Pemeriksaan medis seperti MRI atau EEG bukanlah alat standar untuk mendeteksi dyscalculia, ketidakmampuan belajar tertentu yang mempengaruhi kemampuan matematika. Sementara metode tradisional mengandalkan penilaian perilaku dan tes pendidikan, beberapa penelitian mengeksplorasi potensi neuroimaging dan EEG sebagai alat diagnostik tambahan. Namun, metode ini belum ditetapkan sebagai prosedur diagnostik definitif untuk diskalkulia. Di bawah ini adalah eksplorasi lanskap penelitian saat ini mengenai penggunaan MRI dan EEG dalam mendeteksi diskalkulia.
EEG dalam Deteksi Dyscalculia
- EEG telah diselidiki sebagai alat potensial untuk mengidentifikasi kesulitan matematika. Sebuah studi menganalisis sinyal EEG selama tugas aritmatika mental, dengan fokus pada fitur seperti rasio amplitudo pita theta terhadap alfa, yang dapat berfungsi sebagai penanda kesulitan matematis (Nassehi et al., 2020).
- Studi ini menunjukkan bahwa EEG dapat memberikan metode diagnostik alternatif untuk diskalkulia, menawarkan cara non-invasif untuk menilai aktivitas otak yang terkait dengan pemrosesan matematis (Nassehi et al., 2020).
Studi MRI dan Neuroimaging
- MRI fungsional (fMRI) telah digunakan untuk mengeksplorasi korelasi saraf diskalkulia. Namun, sebuah penelitian yang signifikan tidak menemukan perbedaan yang konsisten dalam aktivasi otak antara anak-anak dengan dan tanpa diskalkulia selama tugas yang melibatkan pemrosesan angka dasar, aritmatika mental, dan memori kerja visuospasial (Kwok et al., 2023).
- Kurangnya temuan signifikan dalam studi fMRI menunjukkan bahwa diskalkulia mungkin tidak terkait dengan aktivasi otak atipikal yang dapat dideteksi oleh teknik neuroimaging saat ini (Kwok et al., 2023).
Metode Diagnostik Tradisional
- Deteksi diskalkulia secara tradisional melibatkan serangkaian tes pendidikan dan psikologis, seperti Tes Pencapaian Woodcock-Johnson, Tes Berbasis Kurikulum (CBT), dan Tes Pencapaian Rentang Lebar (WRAT)Â (Giri et al., 2020)Â (Subramanyam et al., 2019).
- Tes ini dievaluasi secara manual dan dianggap sebagai pendekatan standar untuk mendiagnosis diskalkulia, dengan fokus pada kinerja individu dalam tugas-tugas matematika relatif terhadap usia dan tingkat pendidikan mereka (Subramanyam et al., 2019).
Pendekatan Pembelajaran Mesin
- Penelitian terbaru telah mengeksplorasi penggunaan algoritma pembelajaran mesin untuk meningkatkan deteksi diskalkulia.
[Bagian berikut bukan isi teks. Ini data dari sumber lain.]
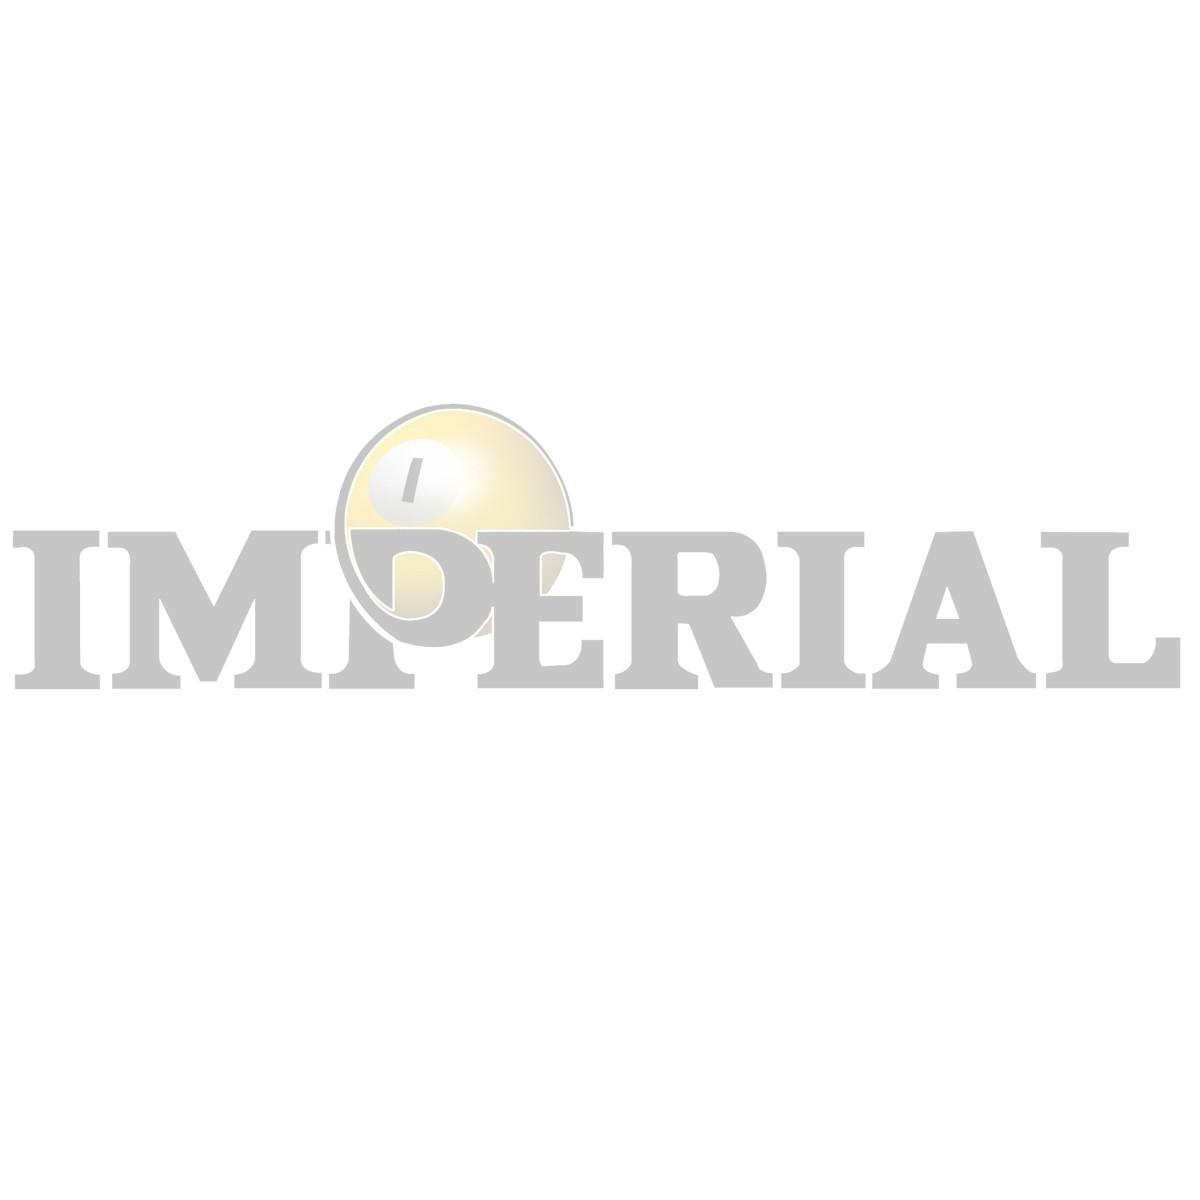 Washington Nationals Home vs. Away Billiard Ball Set

Teknik seperti Mesin Vektor Dukungan, regresi logistik, dan pohon keputusan sedang dikembangkan untuk memprediksi diskalkulia berdasarkan hasil tes dan data perilaku (Dhingra et al., 2021) (Devi & Kavya, 2021).
- Pendekatan ini bertujuan untuk merampingkan proses diagnostik dan memberikan identifikasi dini individu berisiko, berpotensi melengkapi metode tradisional (Dhingra et al., 2021) (Devi & Kavya, 2021).
Sementara EEG dan MRI menawarkan kemungkinan menarik untuk memahami dasar saraf diskalkulia, mereka belum praktis atau dapat diandalkan untuk diagnosis klinis. Standar saat ini tetap penilaian perilaku dan pendidikan, dengan teknologi yang muncul seperti pembelajaran mesin menunjukkan harapan untuk kemajuan di masa depan. Penelitian lebih lanjut diperlukan untuk menetapkan kegunaan neuroimaging dan EEG dalam mendiagnosis diskalkulia, yang berpotensi mengintegrasikan metode ini dengan penilaian tradisional untuk pendekatan yang lebih komprehensif.